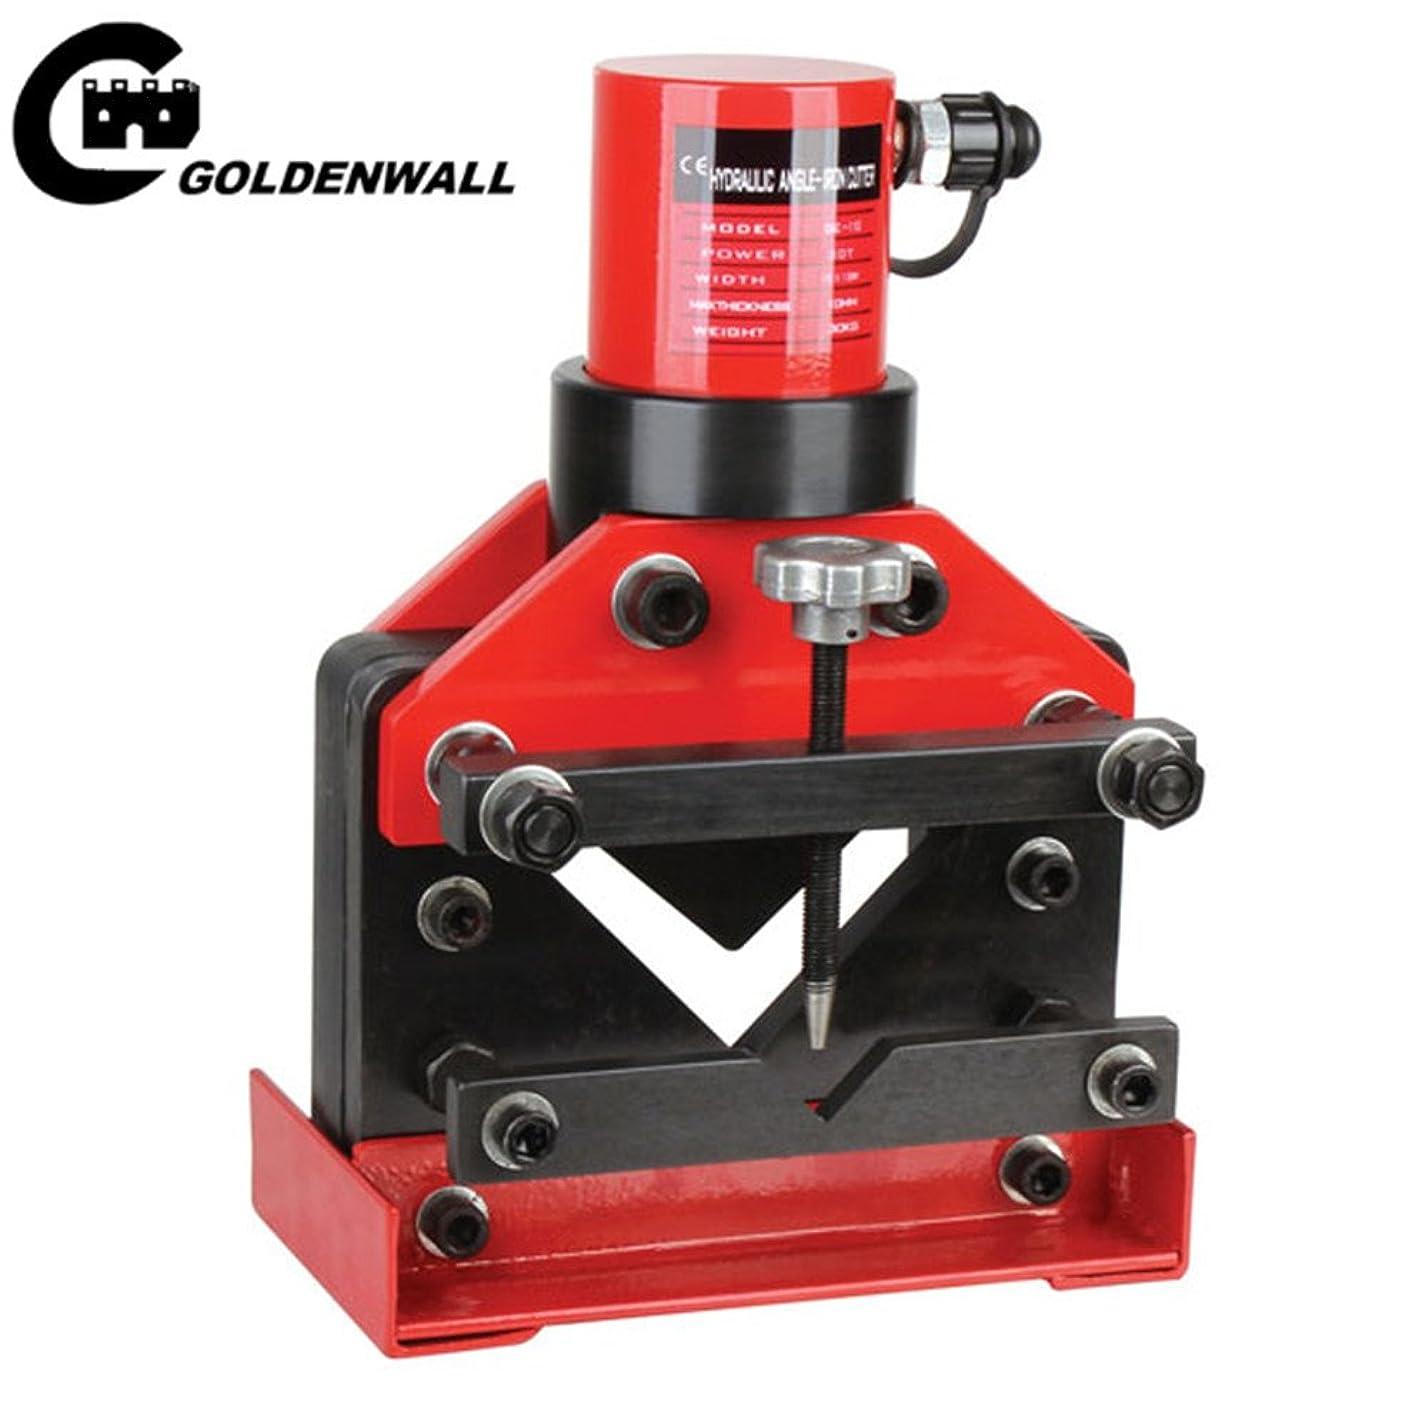 不十分掃くジョセフバンクスCGOLDENWALL CAC-75 CAC-110  油圧スプリットアングルカッター  山形鋼カッター CP-700ポンプ付 英語取扱説明書 (CAC-75)
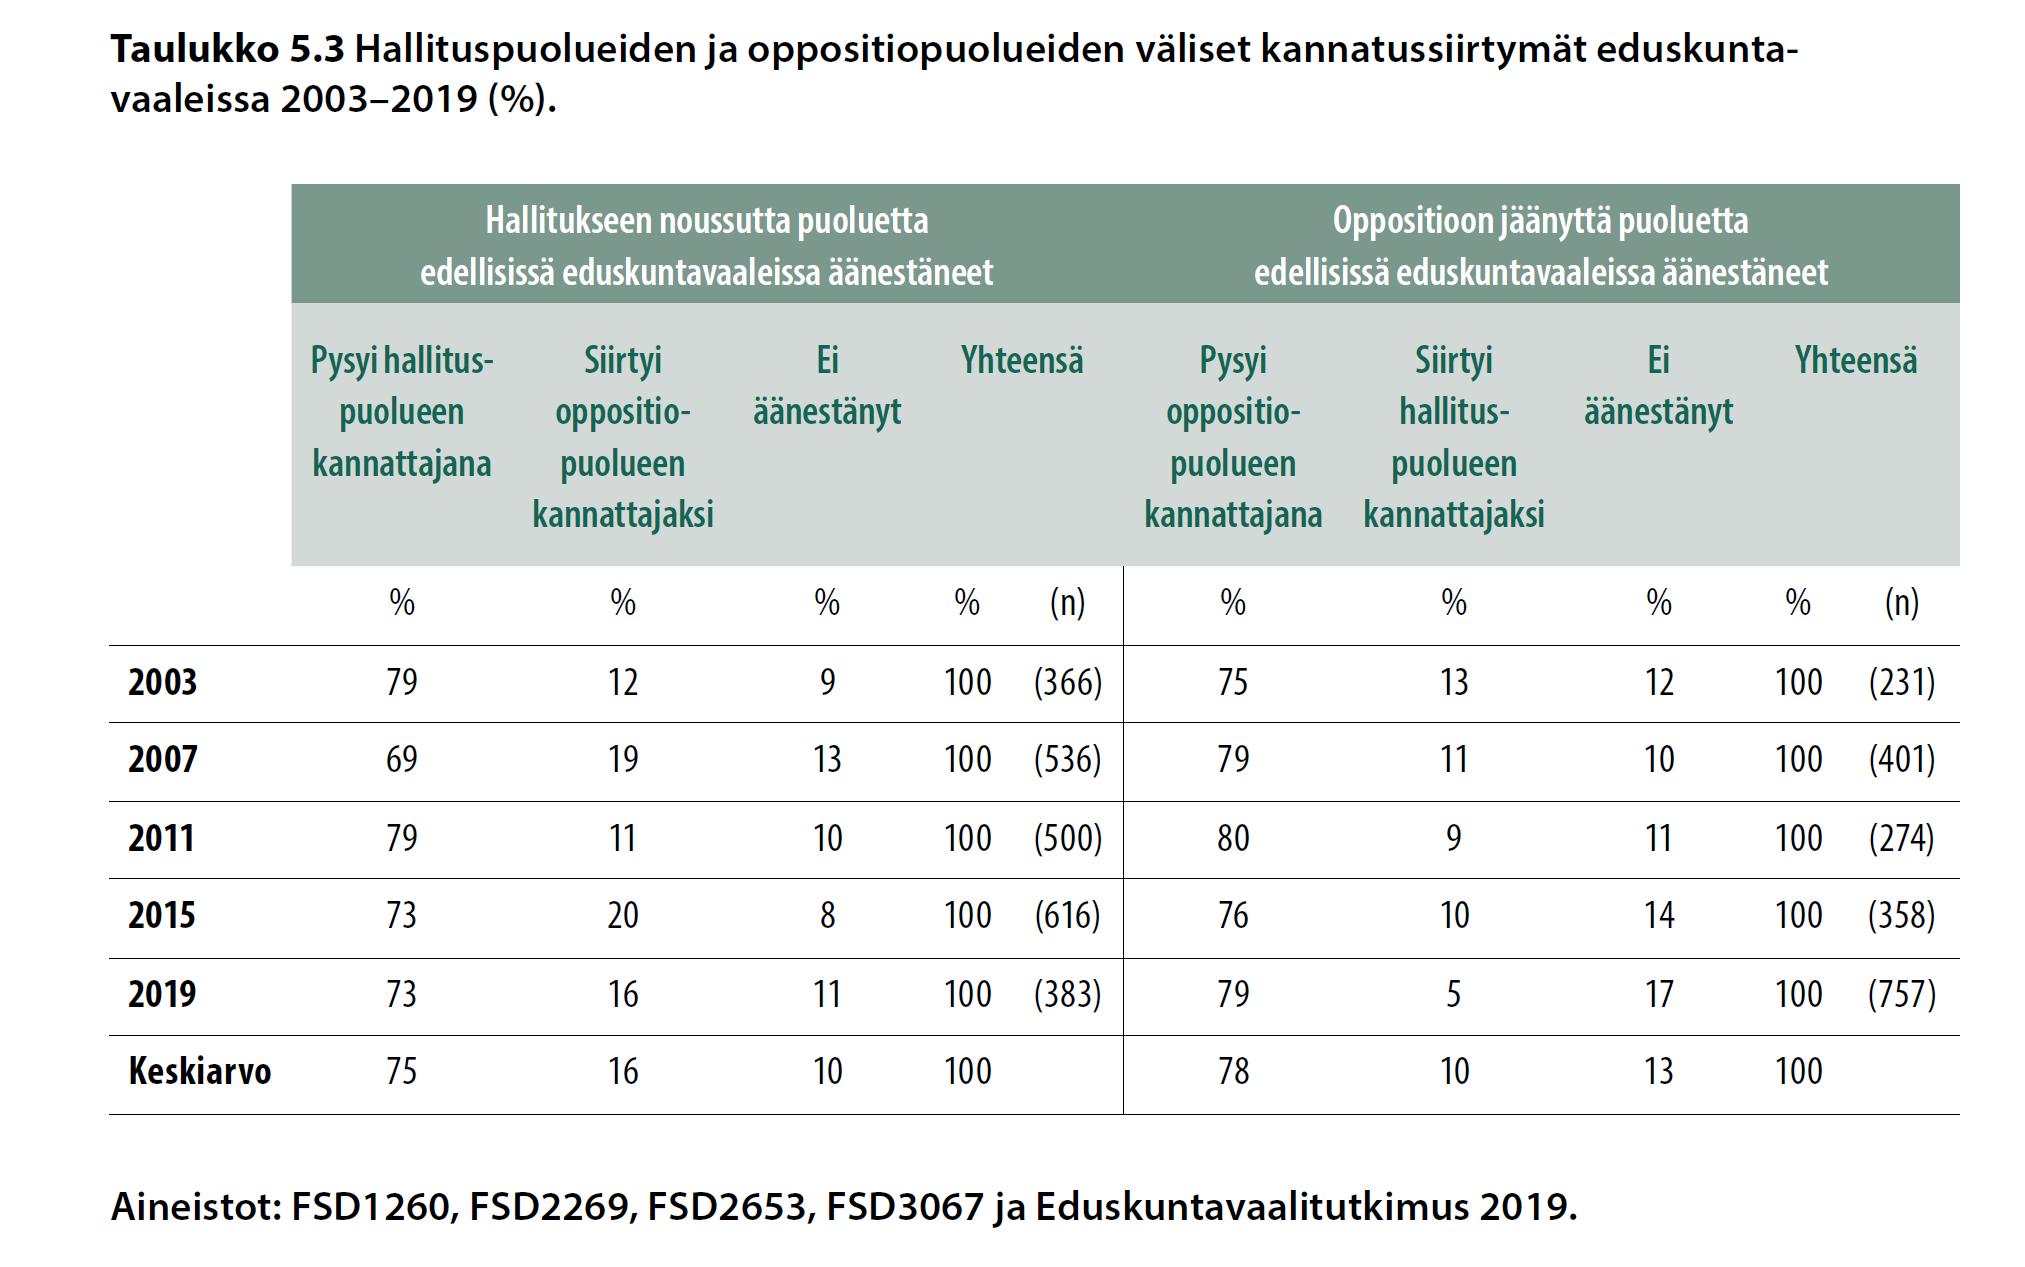 Hallituspuolueiden ja oppositiopuolueiden väliset kannatussiirtymät eduskuntavaaleissa 2003-2009 (%).
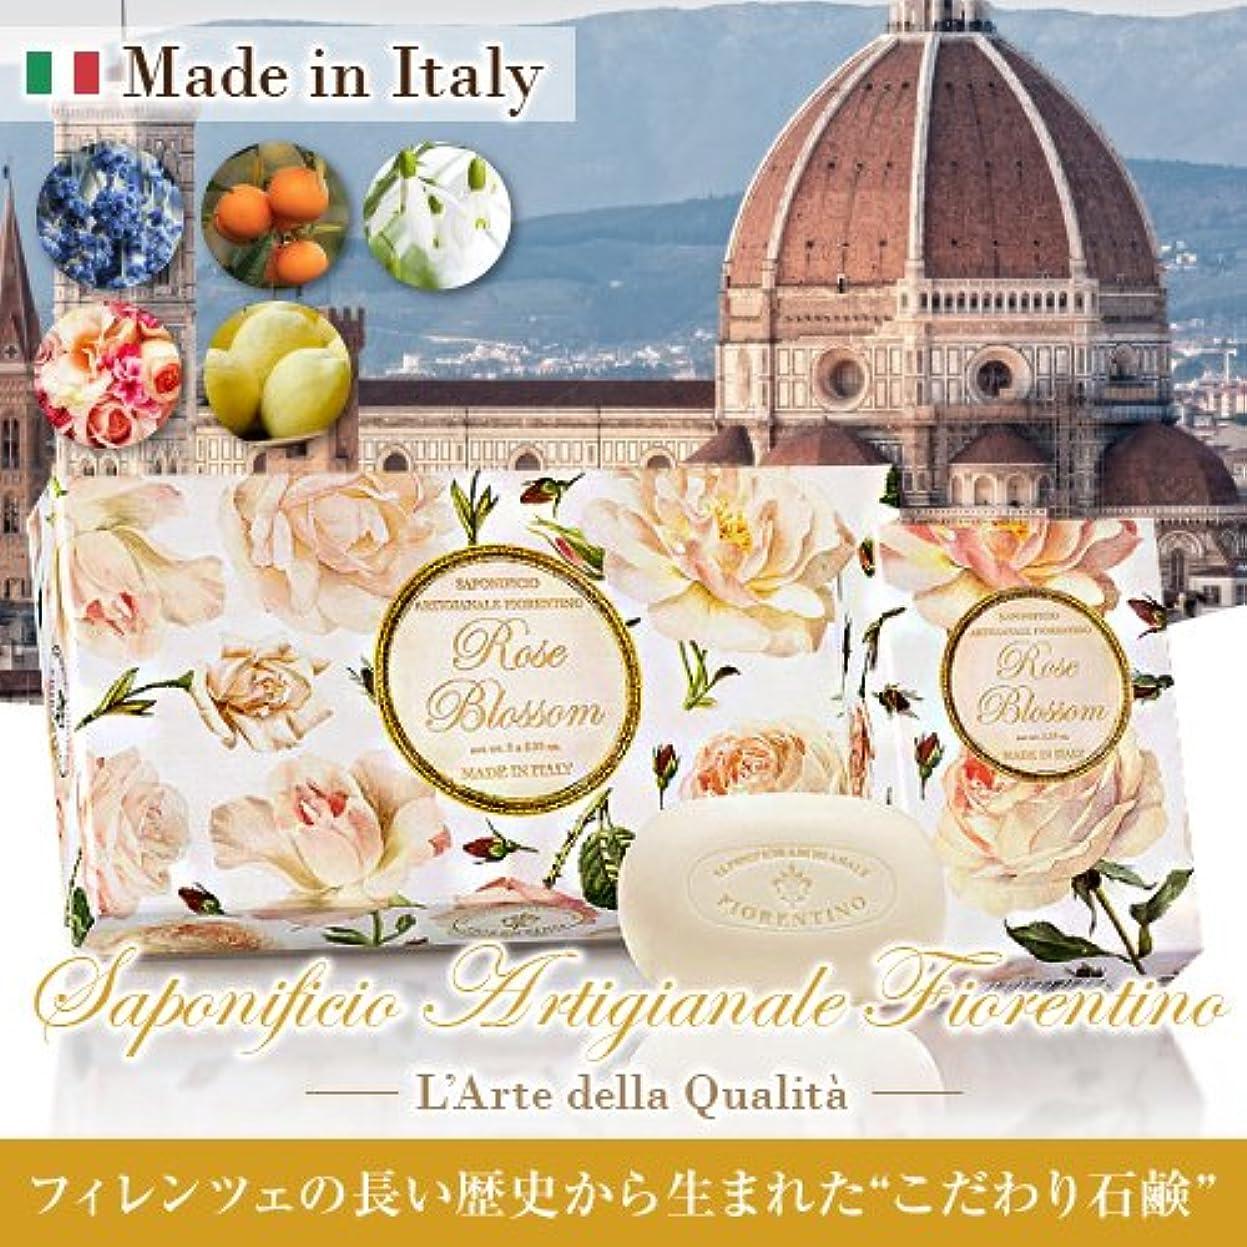 聖人ゲート時々時々フィレンツェの長い歴史から生まれたこだわり石鹸 オレンジ【150g×3個セット】
....................
**EXERCISE DESCRIPTION:** Nothing but the lines from the line containing "Hallituspuolueiden ja oppositiopuolueiden" through the last line of the material may be output, and they must be copied exactly, without pictures.

**EXPECTED ANSWER:**
 Hallituspuolueiden ja oppositiopuolueiden väliset kannatussiirtymät eduskuntavaaleissa 2003-2009 (%).
 聖人ゲート時々時々フィレンツェの長い歴史から生まれたこだわり石鹸 オレンジ【150g×3個セット】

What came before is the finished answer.